But just as Knowledge Graphs seemed poised to redefine threat intelligence, a revolutionary technology emerged: Large Language Models (LLMs), powered by advances in natural language processing and fine-tuning capabilities. Unlike anything before them, fine-tuned LLMs have the power to dynamically interpret and contextualize unstructured data, adapting in real time as new threats unfold. This shift from Machine Learning to Knowledge Graphs to Large Language Models is not merely an upgrade; it’s a transformation. The game of cybersecurity is about to change.

Let’s dive into this journey, exploring how each technology has shaped cybersecurity and how LLMs are redefining what’s possible.

Machine Learning: The First Revolution in Cybersecurity

When ML came onto the scene in cybersecurity, it was a game-changer. Algorithms trained on large datasets could recognize suspicious patterns, enabling anomaly detection, predictive analytics, and automated responses. For the first time, we could identify threats before they fully emerged.

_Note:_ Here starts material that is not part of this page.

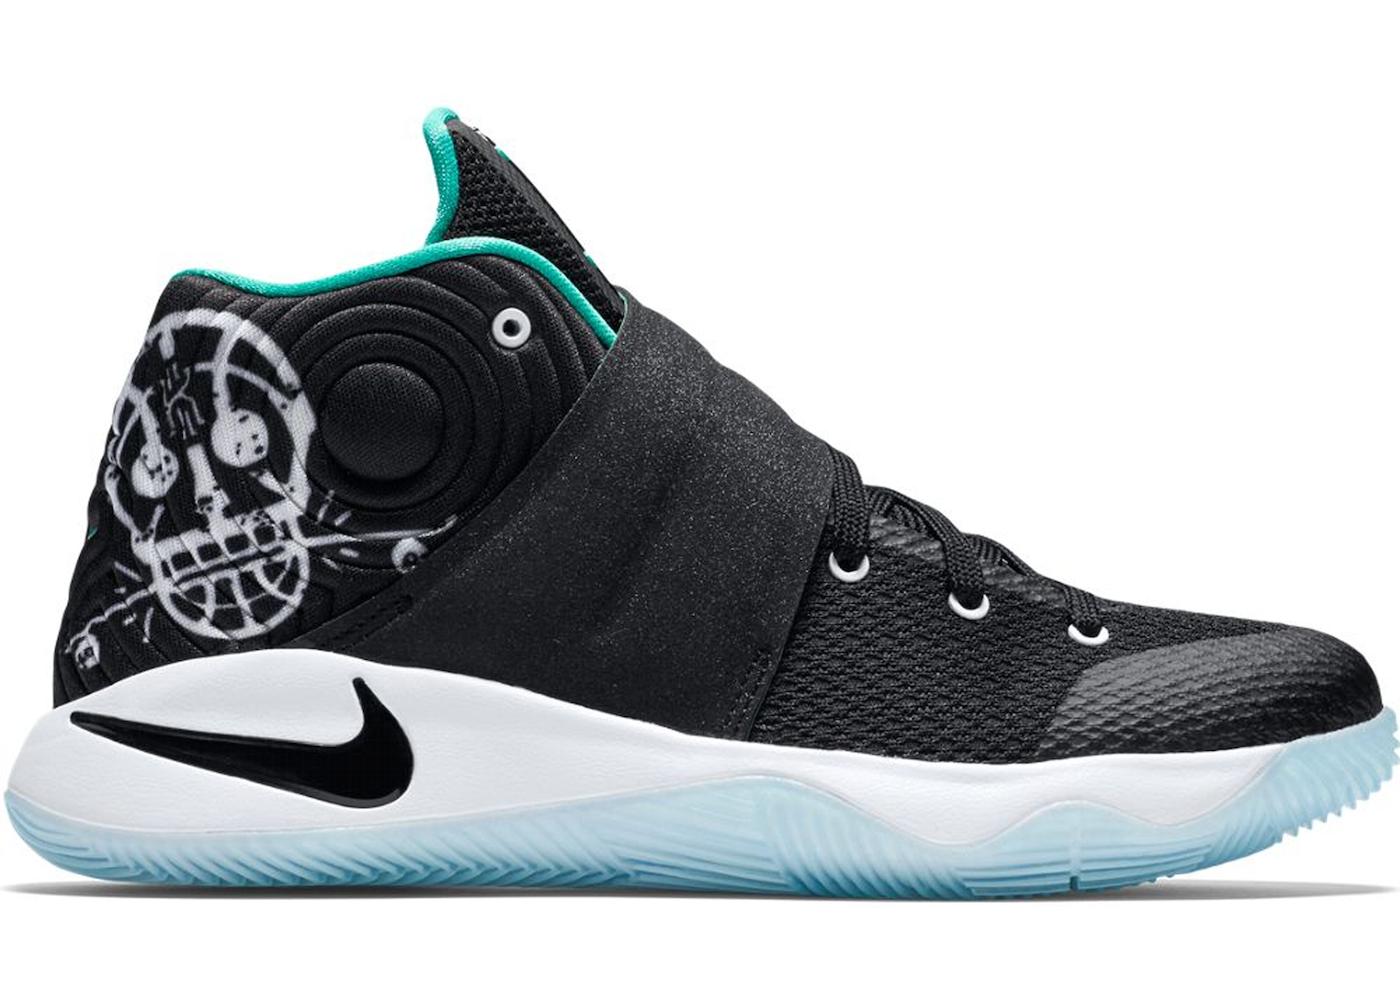 Nike Kyrie 2 Skateboard BlackWhite 826673001

However, ML has its limitations:

Lack of Contextual Understanding: ML models often rely on statistical patterns rather than an understanding of domain-specific language, leading to high false positives in complex environments.

Static Learning: Traditional ML models are usually trained on historical data. When attackers adapt or innovate, ML can struggle to detect new patterns unless it’s frequently retrained, a resource-intensive process.

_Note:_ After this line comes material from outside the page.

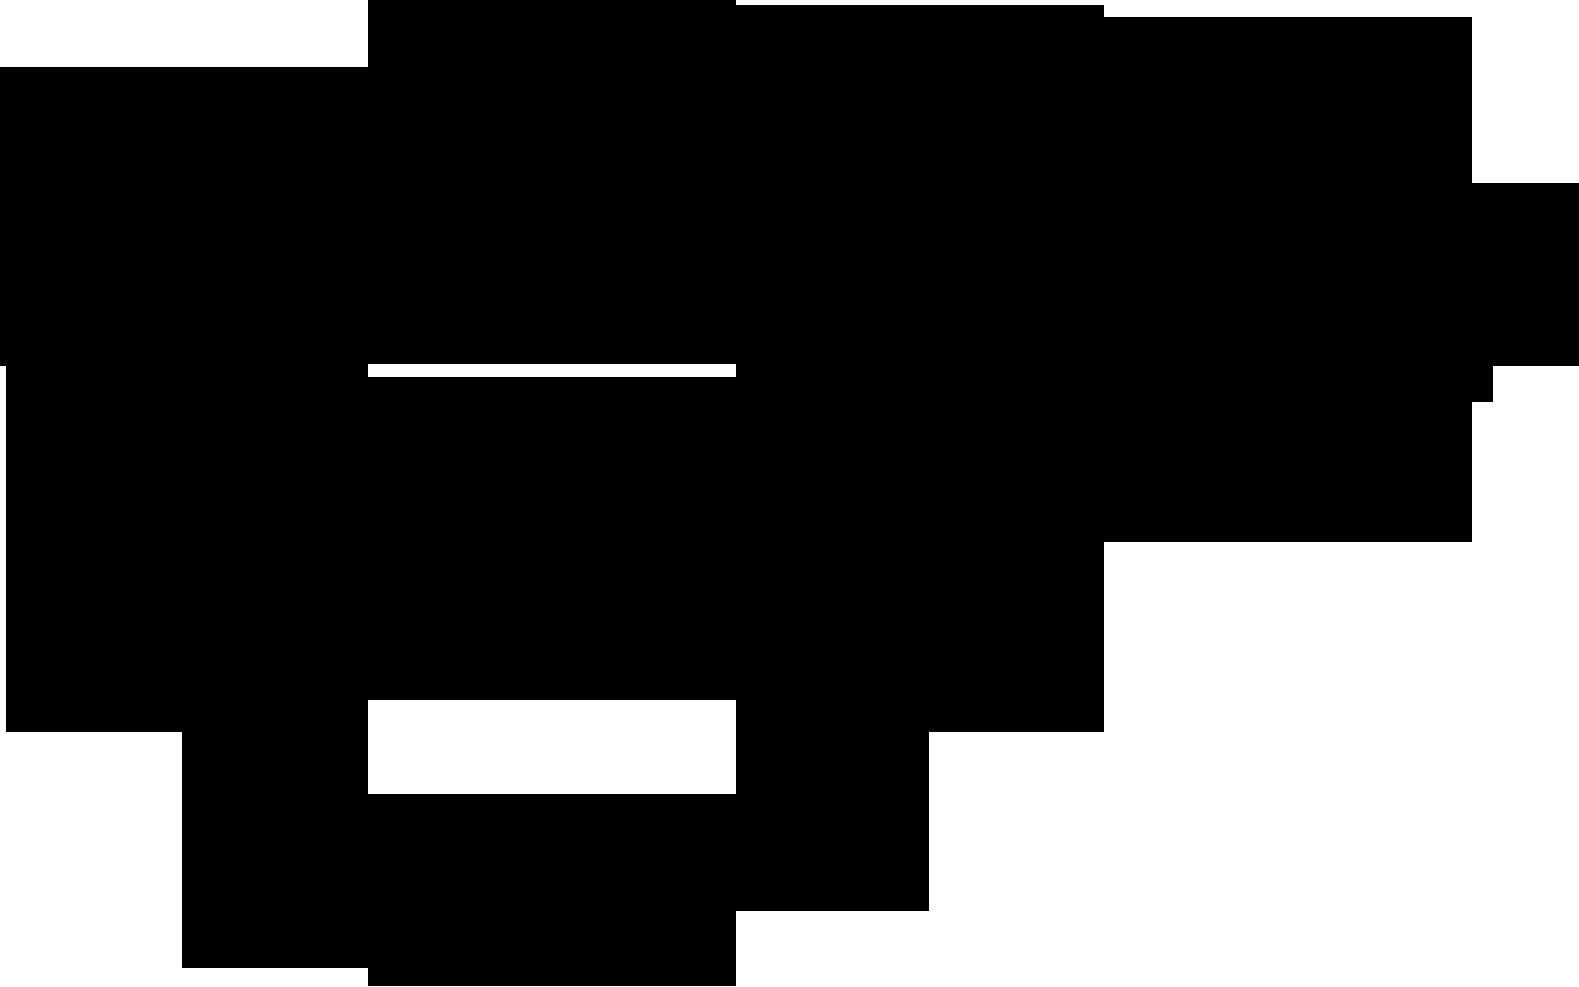 Elementos De Union Portal De Dibujo Tecnico

Difficulty Handling Unstructured Data: Cyber threats often arrive in unstructured, real-time formats (e.g., threat advisories, social media intelligence). Machine Learning models were not designed to make sense of these ambiguous, often nuanced information streams.

In short, while ML took cybersecurity a significant step forward, its limitations became increasingly clear as attackers grew more sophisticated.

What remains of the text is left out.